The custom of wearing hats at Easter is also tied to the American tradition of The Easter Parade, which emerged in the 1870s after the end of the Civil War. People were stepping out with positivism in their lives, and women would stream out of the churches following the Easter service dressed up in their best, and often new clothes, including that ever important bonnet.
The 1948 film "Easter Parade" starring Fred Astaire and Judy Garland, and the music of Irving Berlin really immortalised the practice of wearing Easter Bonnets, with the popular song "Easter Parade" which was originally written in 1933 and became one of the most popular songs about Easter.
Although Bonnets started out as a practical form of head wear they became more and more elaborate as the 19th Century progressed, and its clear that as the tradition of the Easter parade grew in popularity, the bonnets that accompanied them became more and more outlandish and much less bonnet-like! At the depths of the Great Depression a new hat at Easter, or a refurbished old one, was a simple luxury.

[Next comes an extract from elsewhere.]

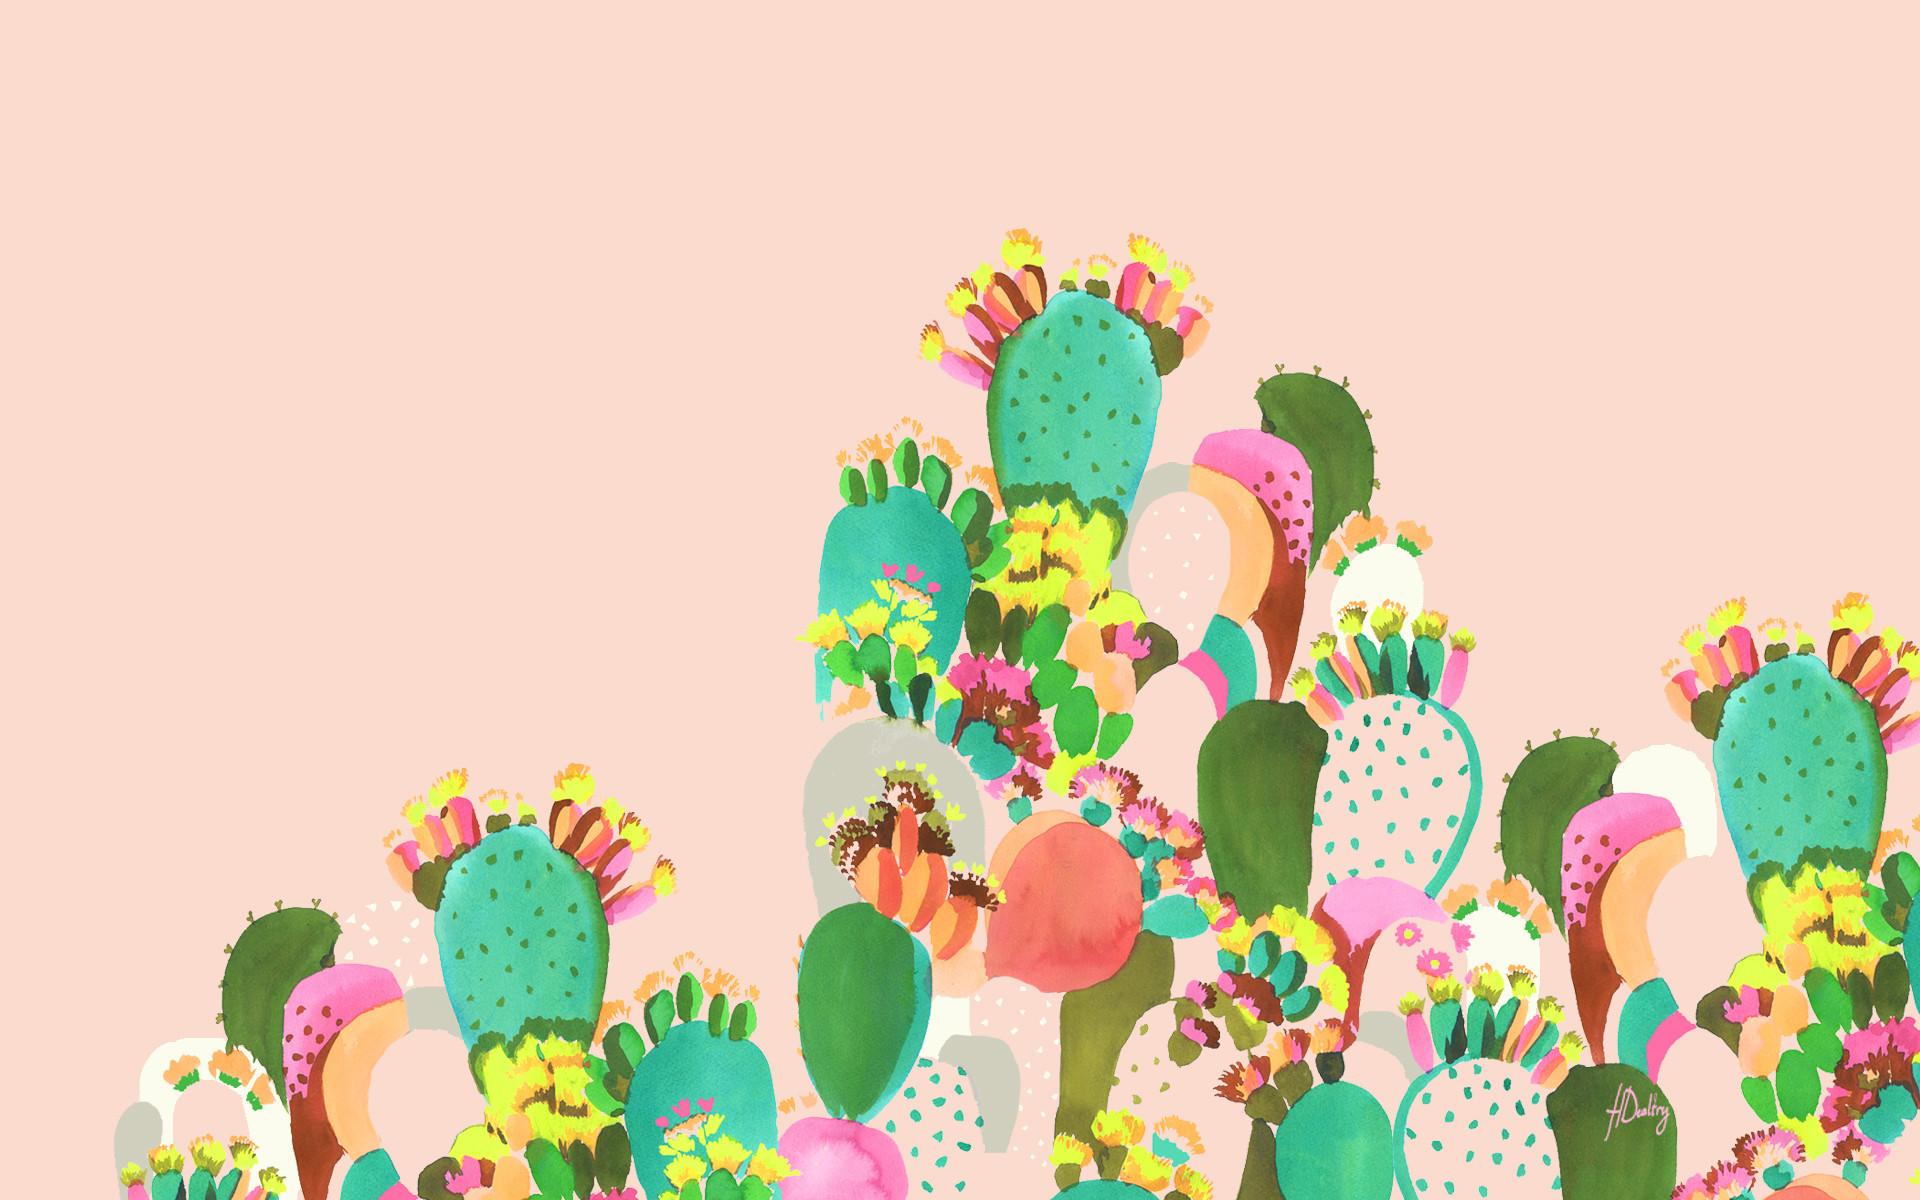 Kate Spade Desktop Wallpaper 2018 45 Images

Now, in a more casual society, Easter Bonnets are becoming harder to find, as fewer and fewer women bother with the tradition. Modern Easter bonnets for children are usually white wide-brimmed hats with a pastel colored satin ribbon around it and tied in a bow. It may also have flowers or other springtime motifs on top, and may match a special dress picked out for the occasion.
Poor Robin, an 18th-century English almanac maker, offered the verse
At Easter let your clothes be new
Or else be sure you will it rue.
Is there a resurgence of the Easter Bonnet?

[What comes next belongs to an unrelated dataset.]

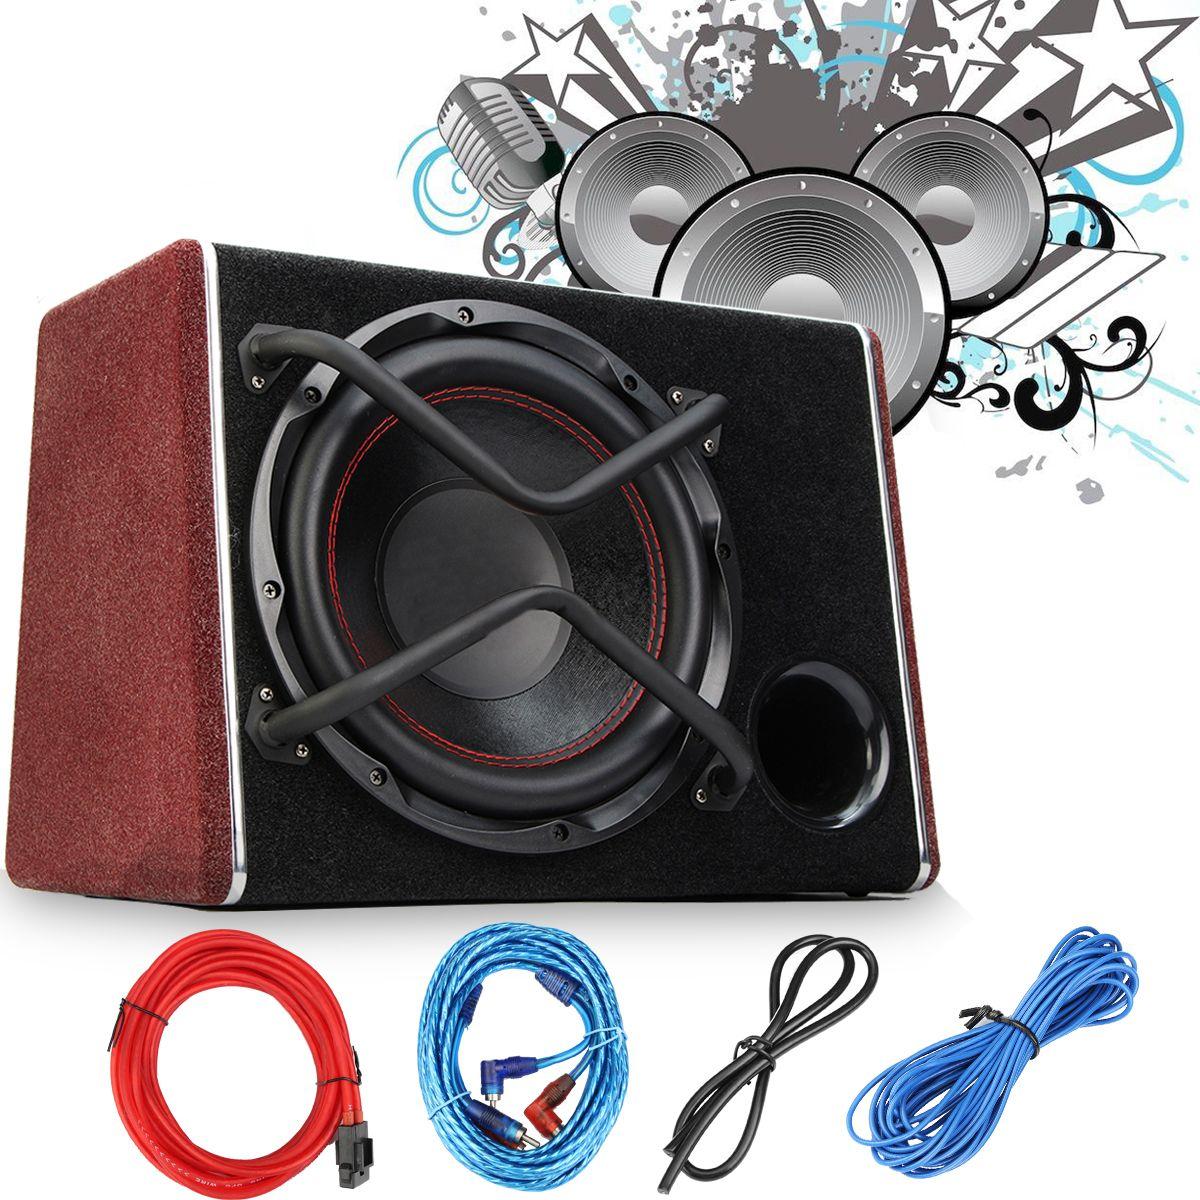 1200 watt Auto Subwoofer Audio Aktive Sub Tieftöner Auto Auto Sub Tieftöner Fahrzeug High Power Verstärker Lautsprecher Super Bass

Karen Grigsby Bates, on NPR's Code Switch team said... There is often, for those of us who are a certain age, the Easter outfit. You know, your shiny patent leather shoes and your dress with too many crinolines underneath it and - even little kids had hats. I had Easter hats when I was little.
Today many women still continue this tradition using Easter as a time to show off the new, members of the Royal Family especially like to carry on this tradition!
"For a while, Easter bonnets sort of fell out of vogue —it became more of a day for the children — but last year and this year, I've seen the resurgence of that tradition," says Song, who owns Detroit-based Mr. Song Millinery.
"I think there has been in the last year more presence of hats in magazines, and on TV, and I believe that these leave an impression on people. The fashion industry had disregarded this whole sector of fashion. But everybody just woke up to the fact that there's that head that we have to deal with all the time. … And anybody who wears hats, they'll tell you it completes an outfit."
So, happily there may be hope that the lovable Easter Bonnet will be making an appearance for many springtime's to come. Do you have yours?